(WHAT YOU WILL DO) Leave the images aside and repeat the whole listing exactly.

(DATA BLOCK)
━━━━━━
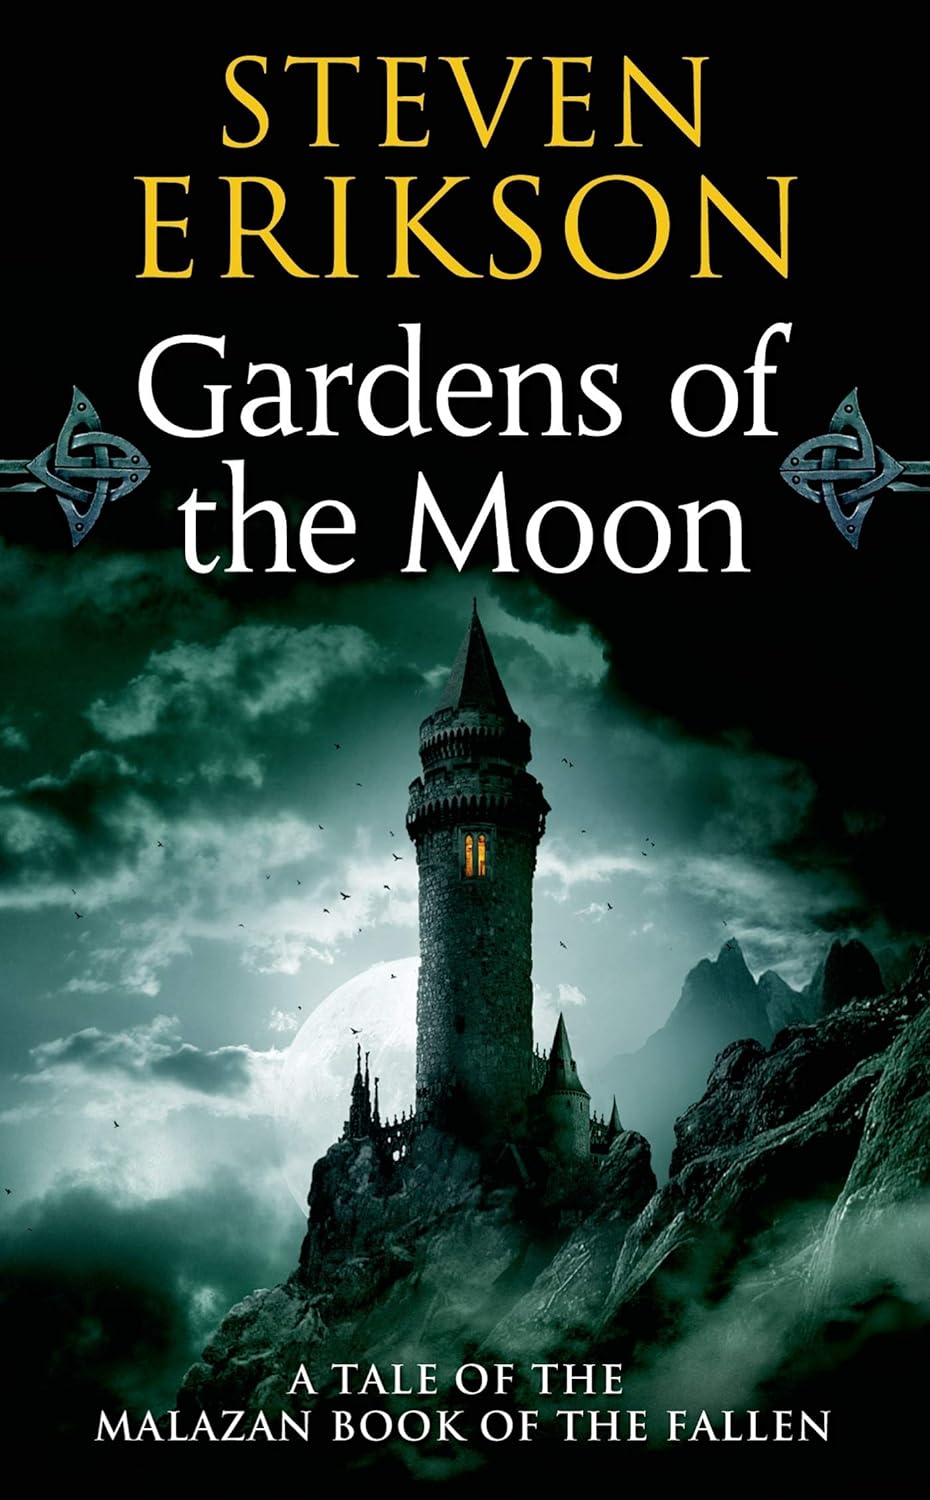 Gardens of the Moon, by Steven Erikson
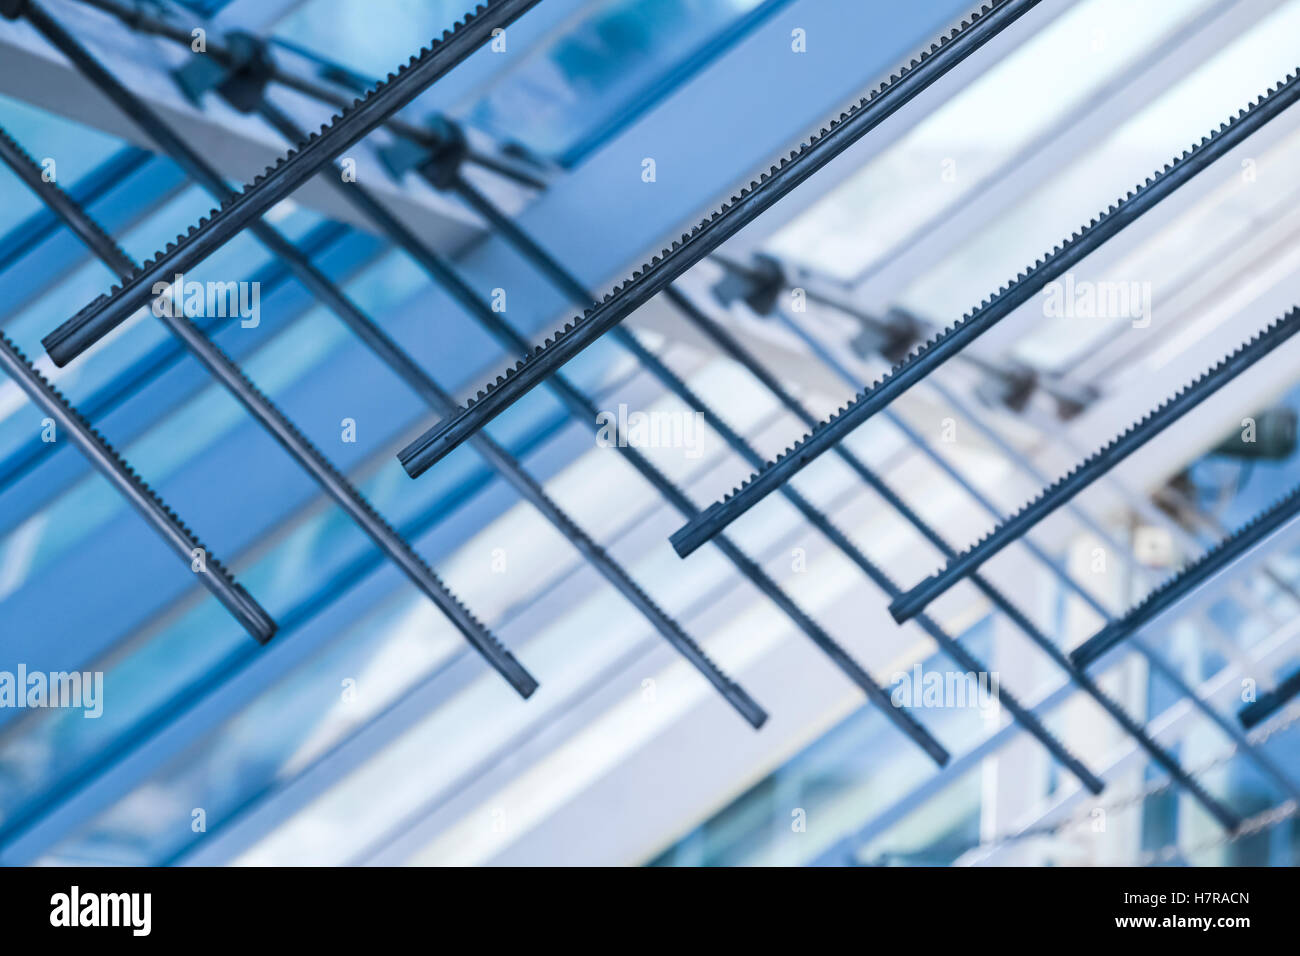 Opening drive racks. Abstract high-tech architecture background, internal details of glass roof with lockable windows sections, Stock Photo
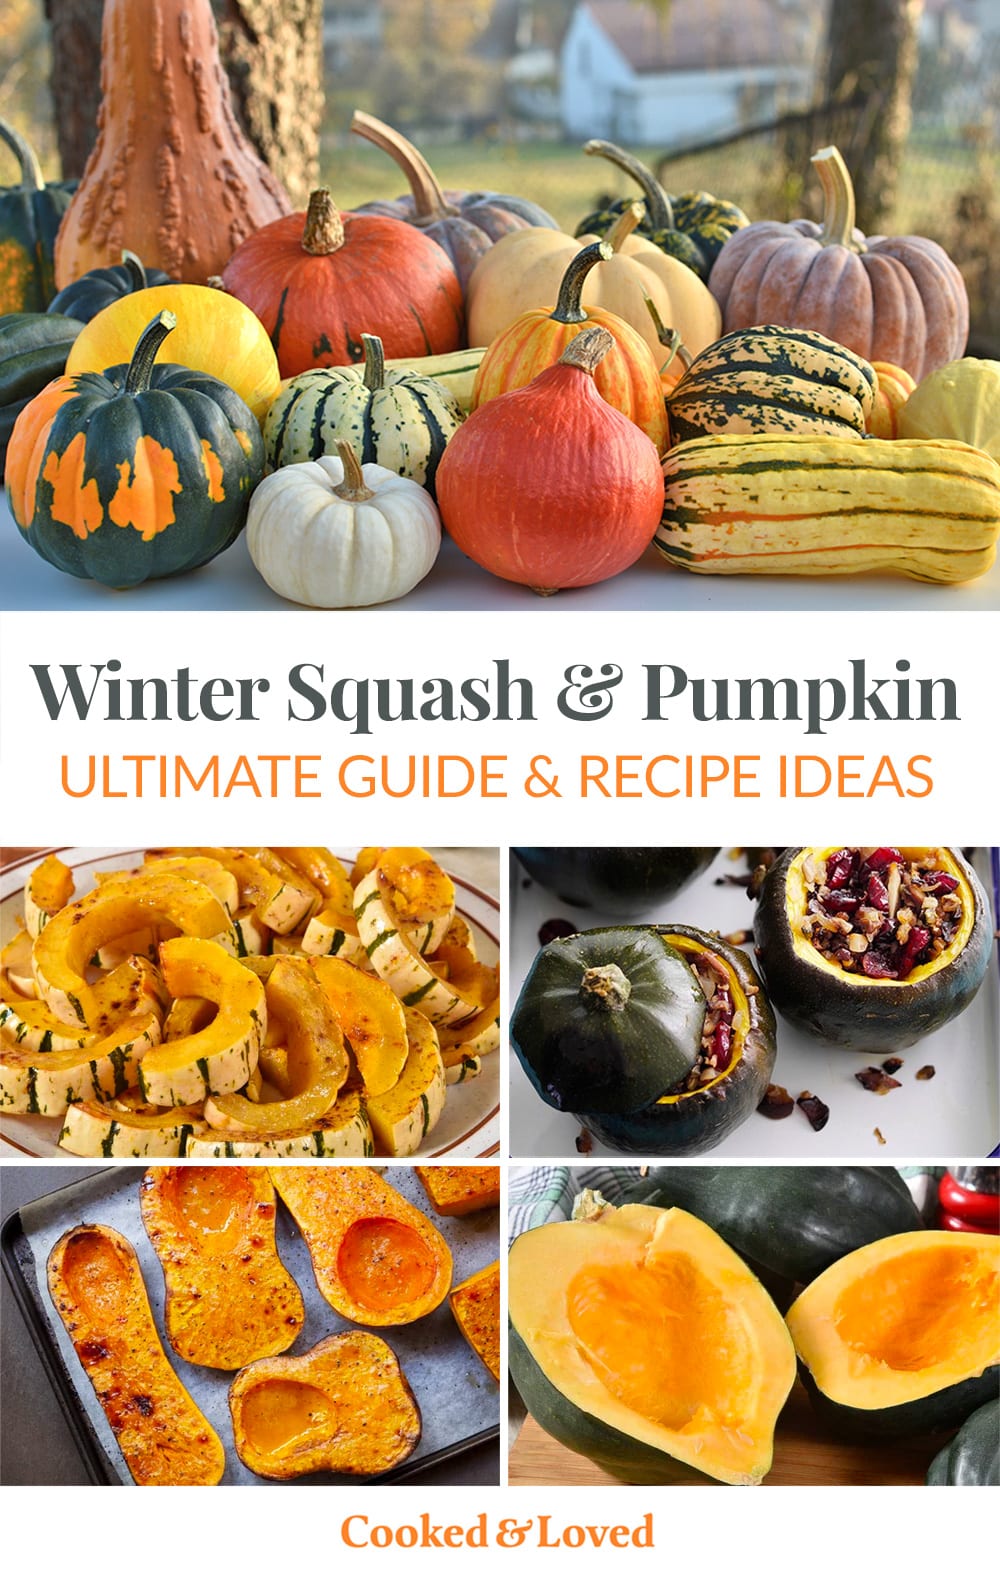 Types of Squash & Pumpkin With Recipes
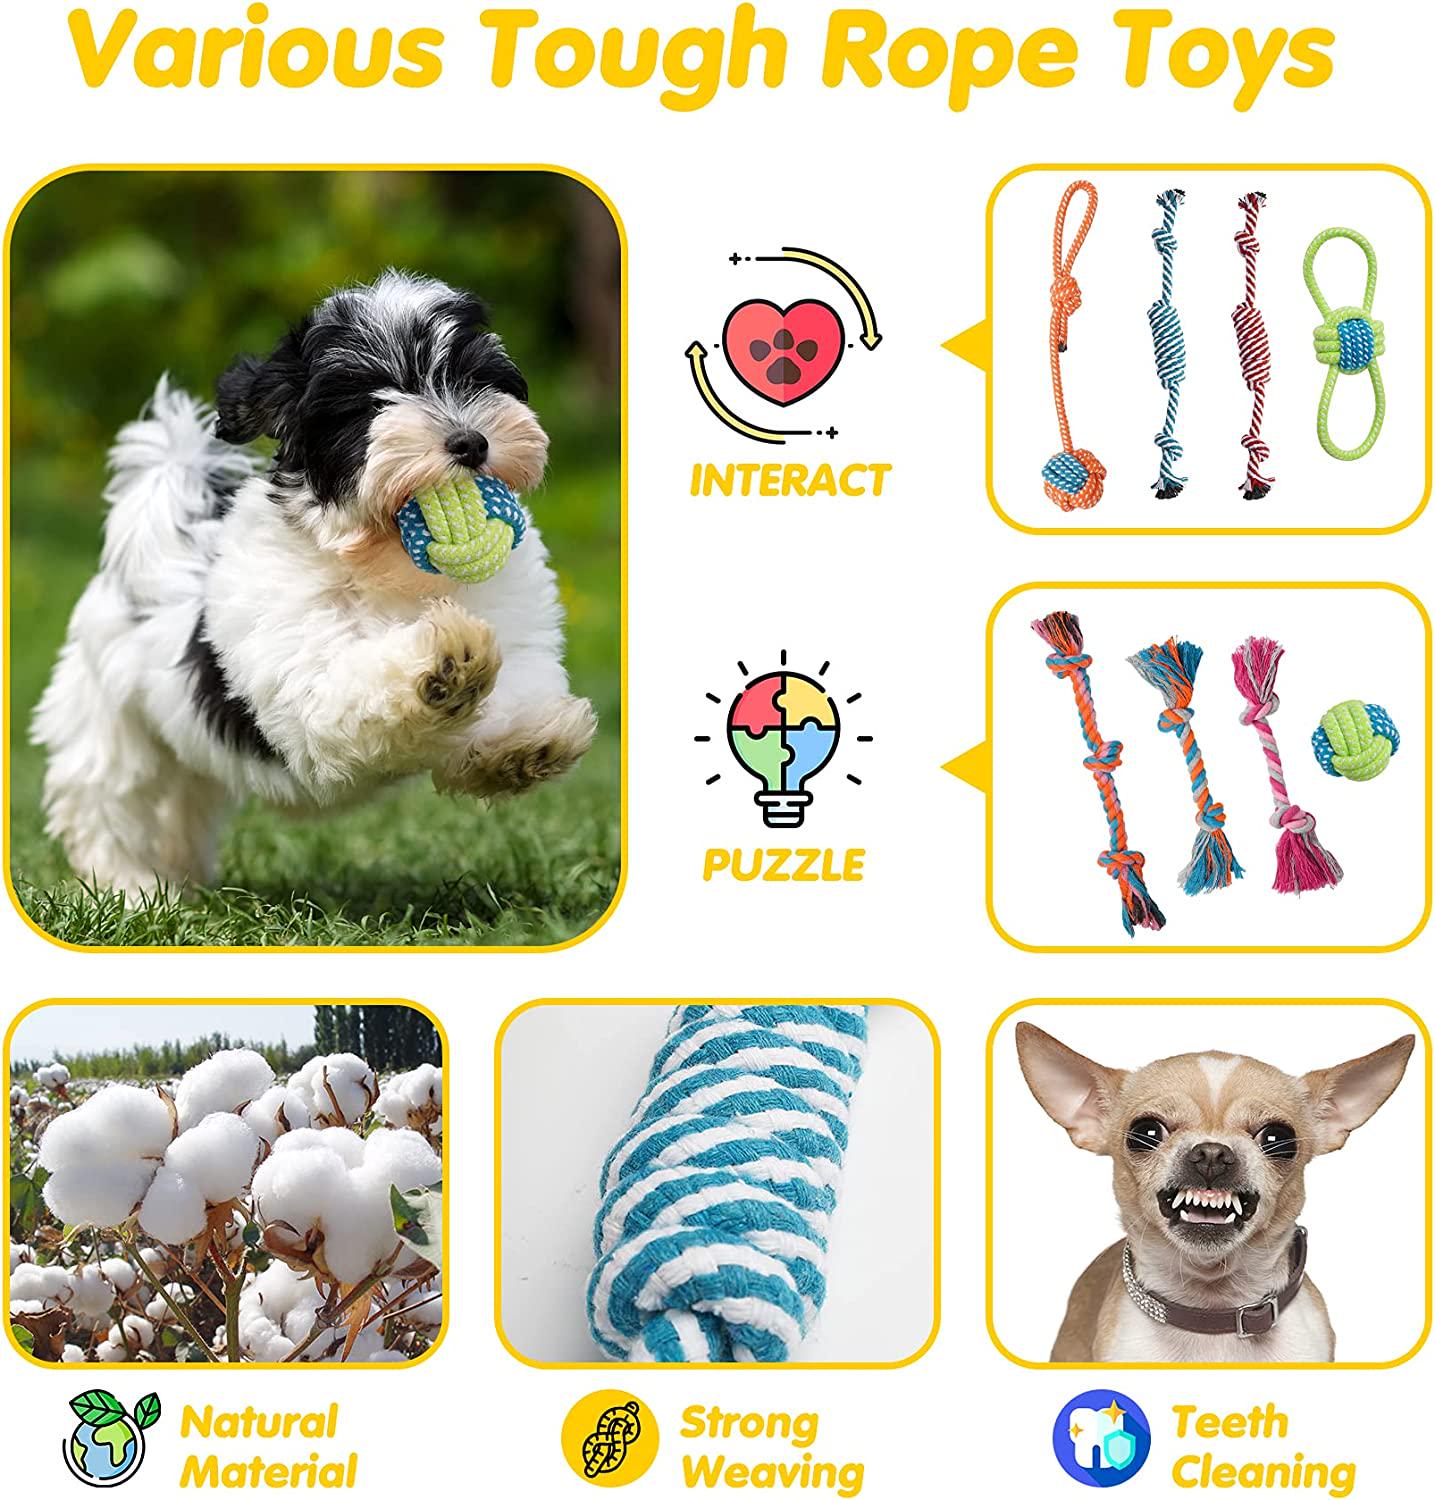 20 Pack Luxury Dog Chew Toys for Puppy, Cute Small Dog Toys with Ropes Puppy Chew Toys, Treat Ball and Squeaky Puppy Toys for Teething Small Dogs
━━━━━━
(TASK SOLUTION)
 Gardens of the Moon, by Steven Erikson
 Opening drive racks. Abstract high-tech architecture background, internal details of glass roof with lockable windows sections, Stock Photo
 Types of Squash & Pumpkin With Recipes
 20 Pack Luxury Dog Chew Toys for Puppy, Cute Small Dog Toys with Ropes Puppy Chew Toys, Treat Ball and Squeaky Puppy Toys for Teething Small Dogs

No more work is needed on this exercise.